## What needs to be done
Copy exactly, from the beginning of the material below, every line up to and including the one holding "Members of the", with the pictures left out.

## Data section
....

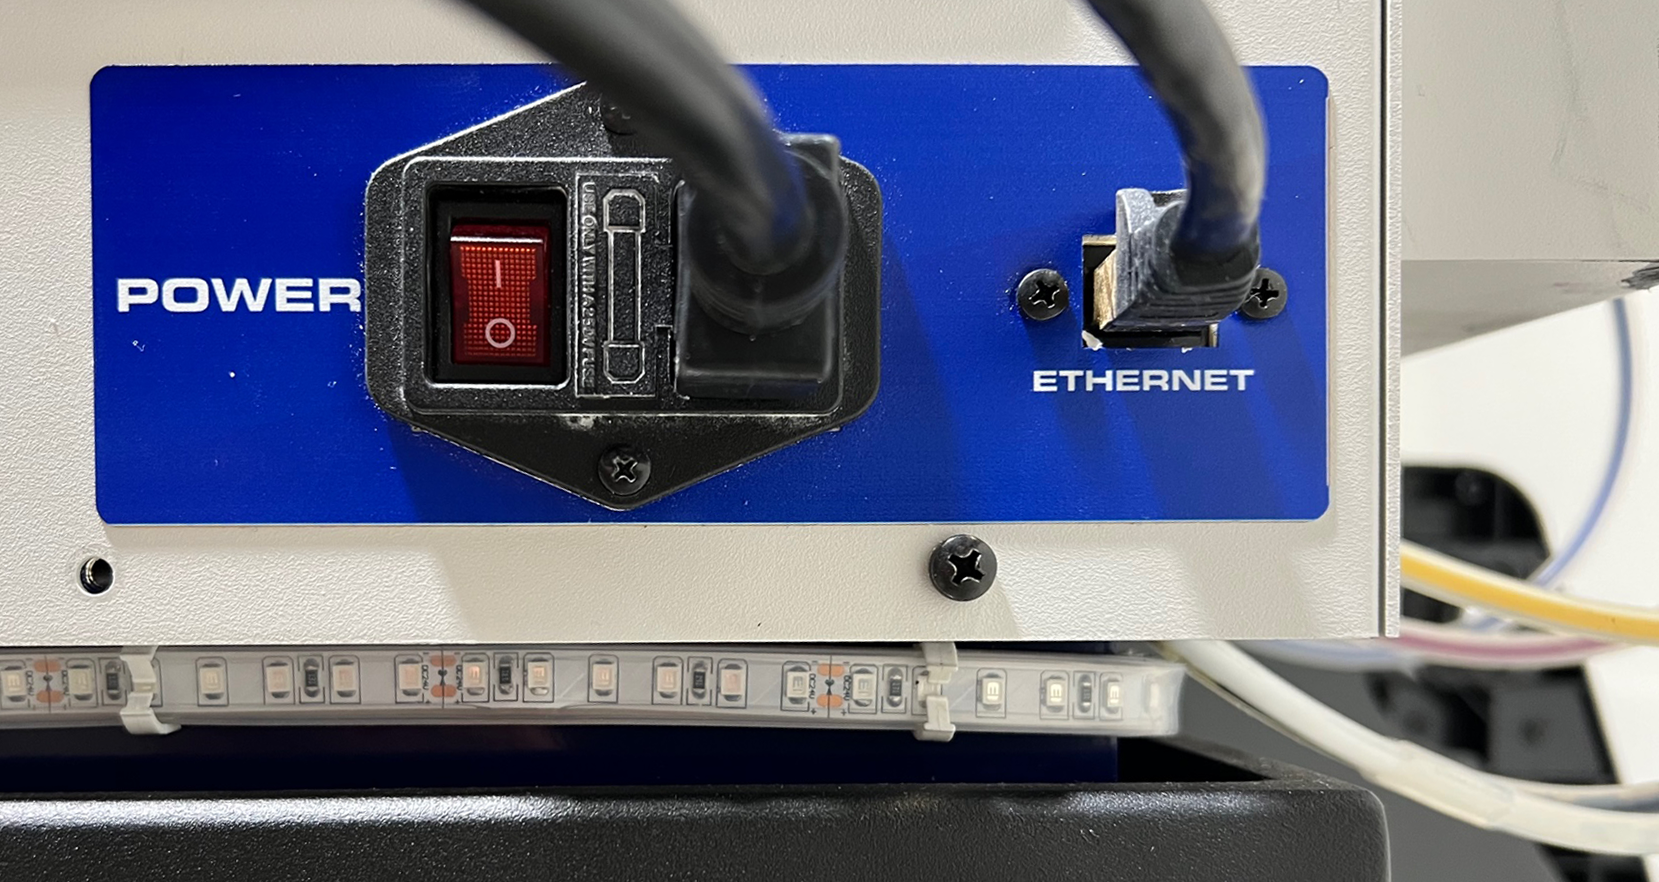 Power and Ethernet ports
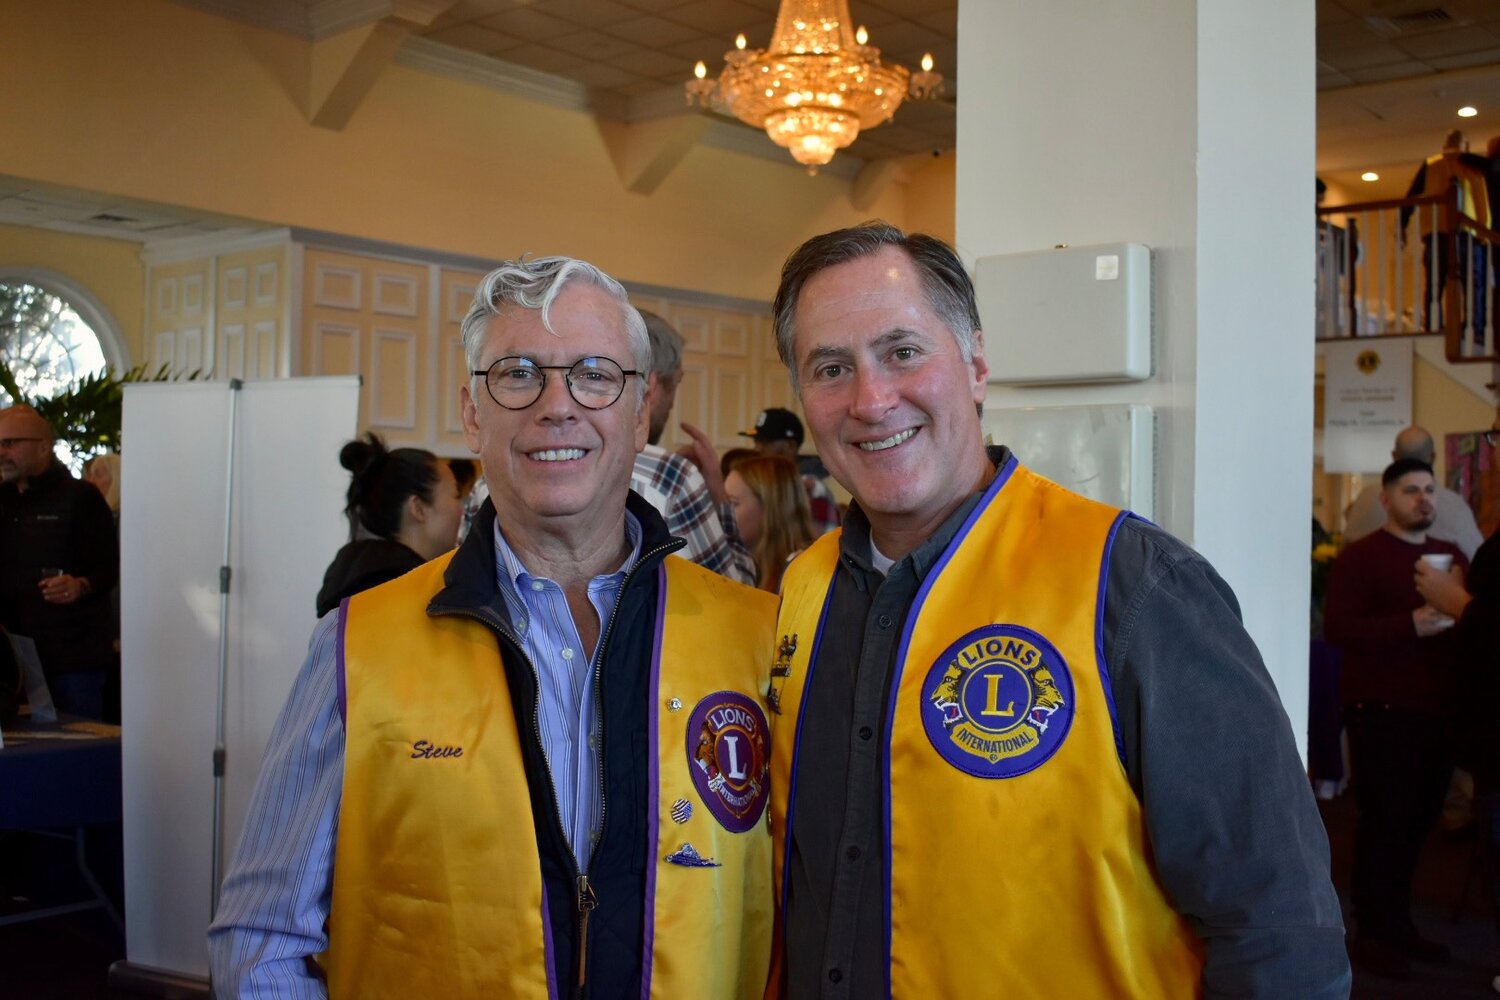 Members of the Bay Shore Lions Club, including Suffolk County Legis. Steve Flotteron and Joseph Fiorillo, were delighted by the massive turnout at the 14th annual Taste for Sight event.
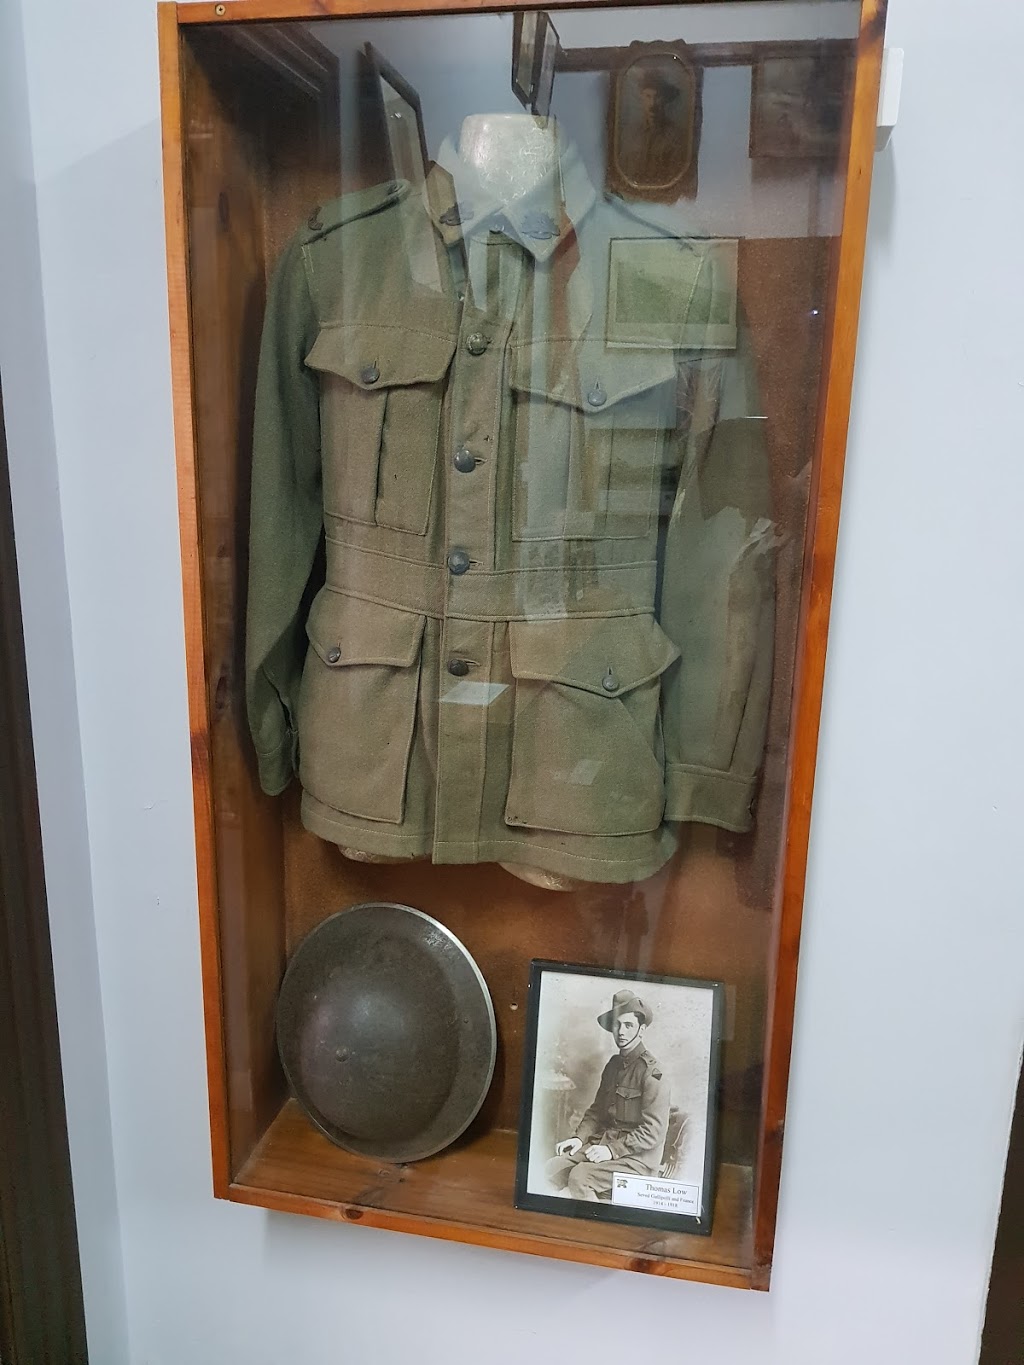 Frank Partridge Military Museum | museum | 29 High St, Bowraville NSW 2449, Australia | 0265647056 OR +61 2 6564 7056
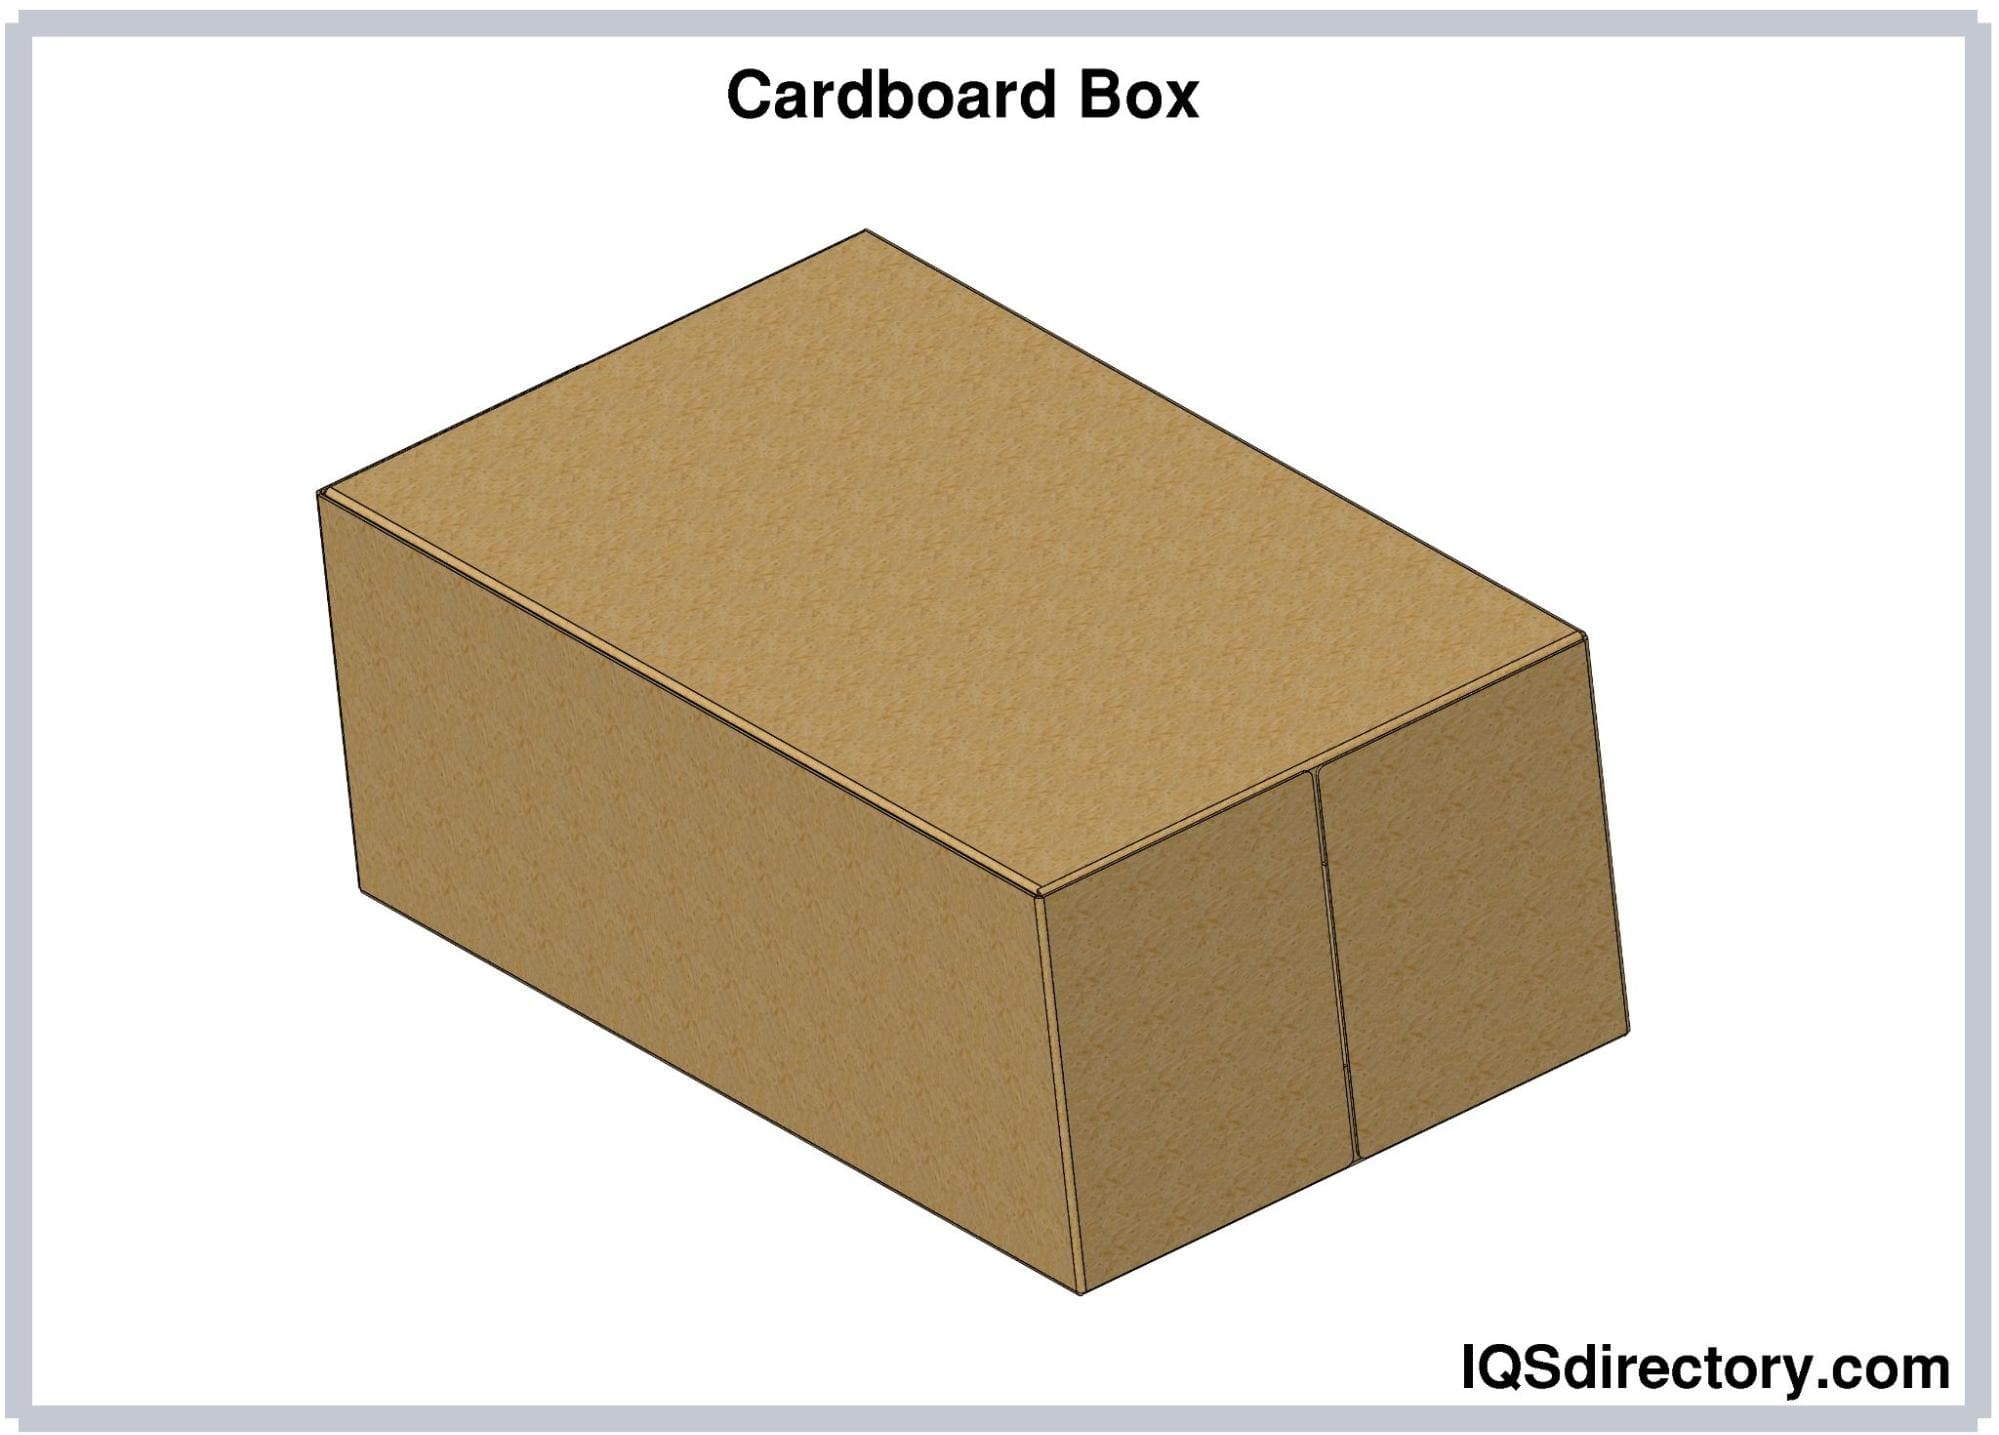 How to Make a Cardboard Box From Recycled Cardboard : 5 Steps

....

## Answer to this task
 Power and Ethernet ports
 Members of the Bay Shore Lions Club, including Suffolk County Legis. Steve Flotteron and Joseph Fiorillo, were delighted by the massive turnout at the 14th annual Taste for Sight event.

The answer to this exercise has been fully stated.